As soon as I visited the monkey colony in Sukhum, I felt death is a constant presence. The monkey’s life cycle is shorter, so it happens – now and then – that one of the cages remains empty. In those six years I worked on the film, some great characters disappeared, like The Professor or Afrikanîch (The African). Afonea, who was raised by Tania at home and whom we filmed on several occasions between 2011 and 2014, died a year ago. These were baboons and macaques with a visible personality, so they received a nickname and were sort of famous among the caretakers and visitors, but there are so many others who are only known by a number. [Every monkey that lived and died in Sukhum is registered in the archives since August 1927]. Apart from natural death, there are the experiments and – although the personnel is very discreet about it – it is obvious that some of the monkeys are sacrificed during or after these tests. It’s a sad paradox that these experiments are partly dedicated to rejuvenation and prolonging life (I spoke about them here).
I’ve never seen a monkey die, but I always wanted to film one being born. I thought of all these tens of thousands of monkeys that were born at the Primate Institute, 13 or maybe 14 generations that saw the light of day in these cages. It occurred to me early on, when I was writing the project, and became an obsession. The problem is that monkeys usually deliver at night, when there are no humans around and they can be quiet. And then, you have to be there during the birth season (the seasons are different for macaques and baboons). It happened a few times that the caretakers showed us in the morning a baby born the previous night. But I wanted to witness the moment…

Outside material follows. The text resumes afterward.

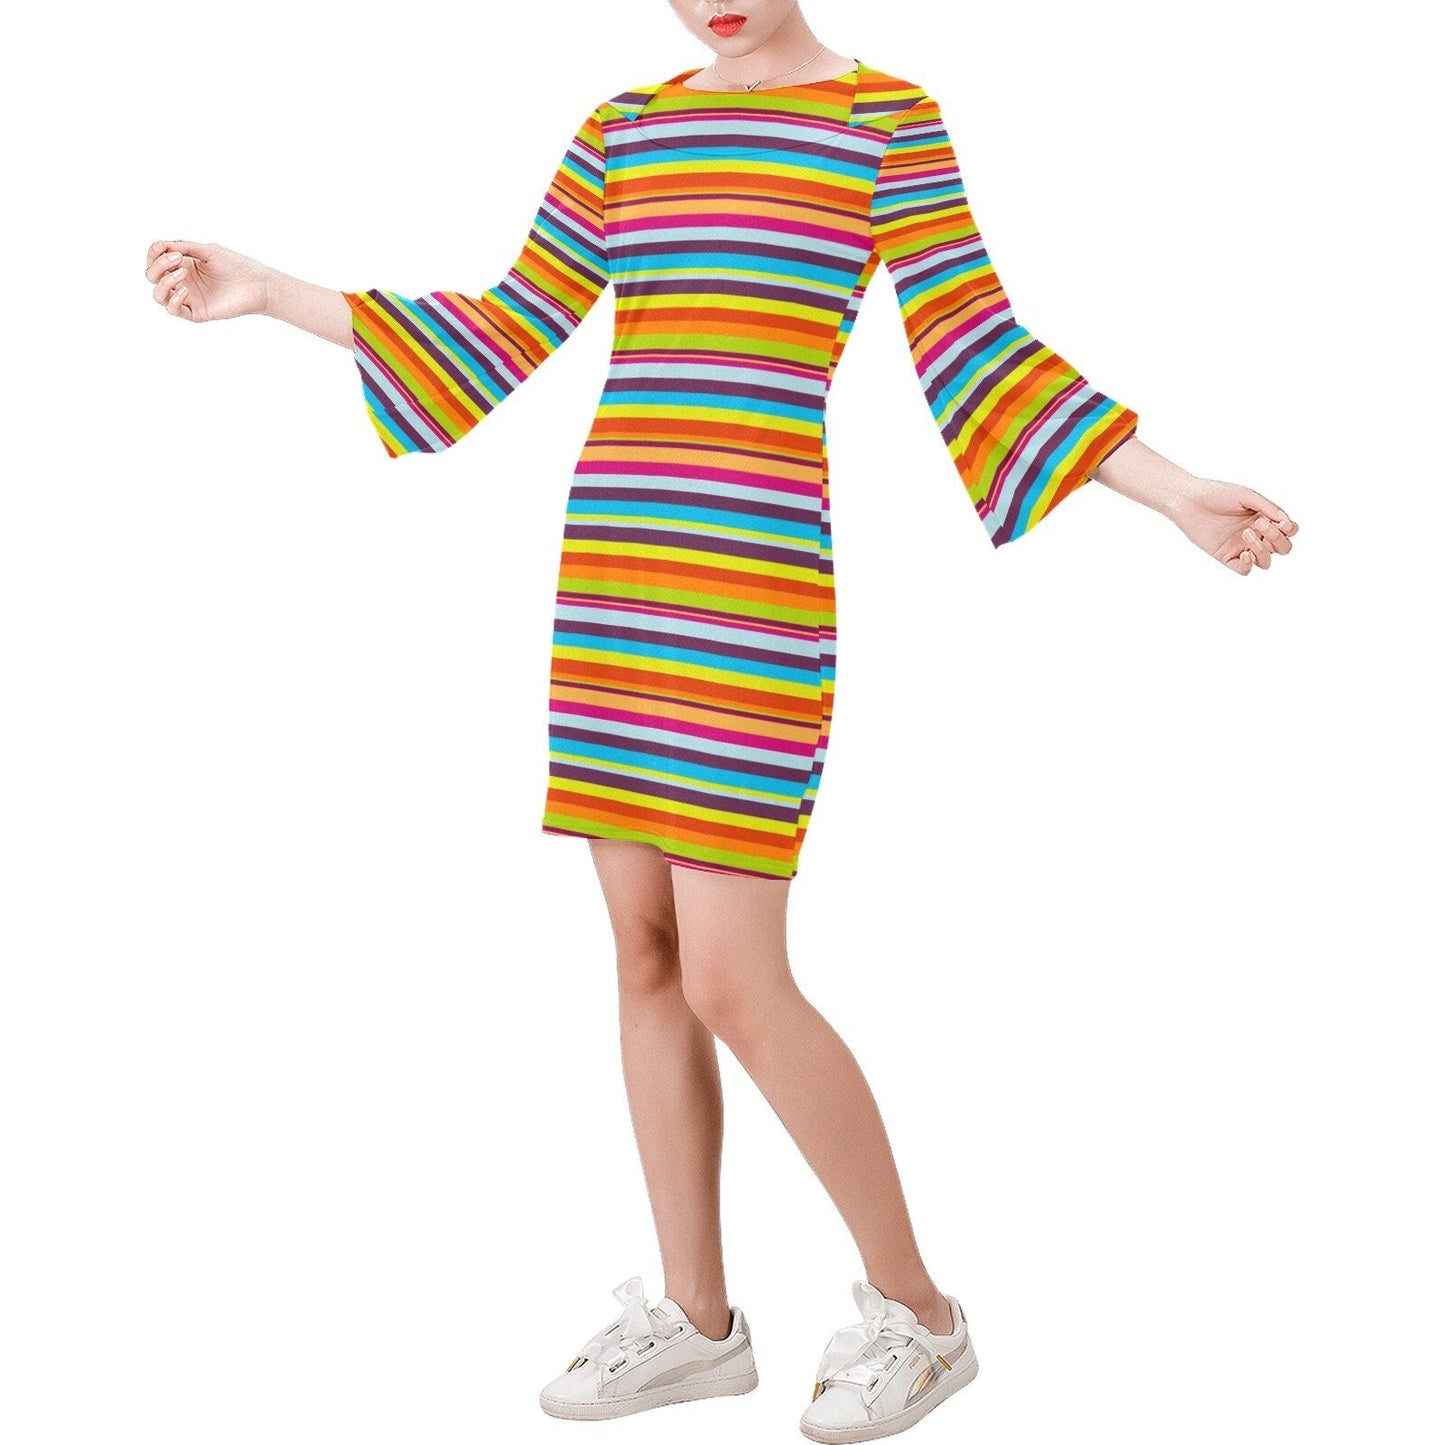 Stripe Dress, Retro Dress, Retro Dress, 70s style dress,Bell sleeve dress,Multicolor Stripe Dress,Hippie Dress, Shift Dress,Vintage inspired

So, in spring 2016, we went there equipped with a hunting camera, that can record at night and is triggered by movement. Titi, our assistant camera, made a special plaque and fixed it on a cage where a pregnant macaque was expected to deliver. We were happy that the male-husband didn’t tear it apart. He sniffed it for a while and then forgot about the camera. Every morning we checked the cage and the footage. After two weeks we left. When we came back in August 2016, Olga Sergheevna – the veterinarian of the Institute – told us that the female had delivered a dead baby. It happens once in a while… And then, a year later – this August, I found out that Olga suddenly passed away. Olga was a very experienced researcher and was very fond of monkeys, she noticed everything on her morning rounds when she inspected the cages. She will be missed.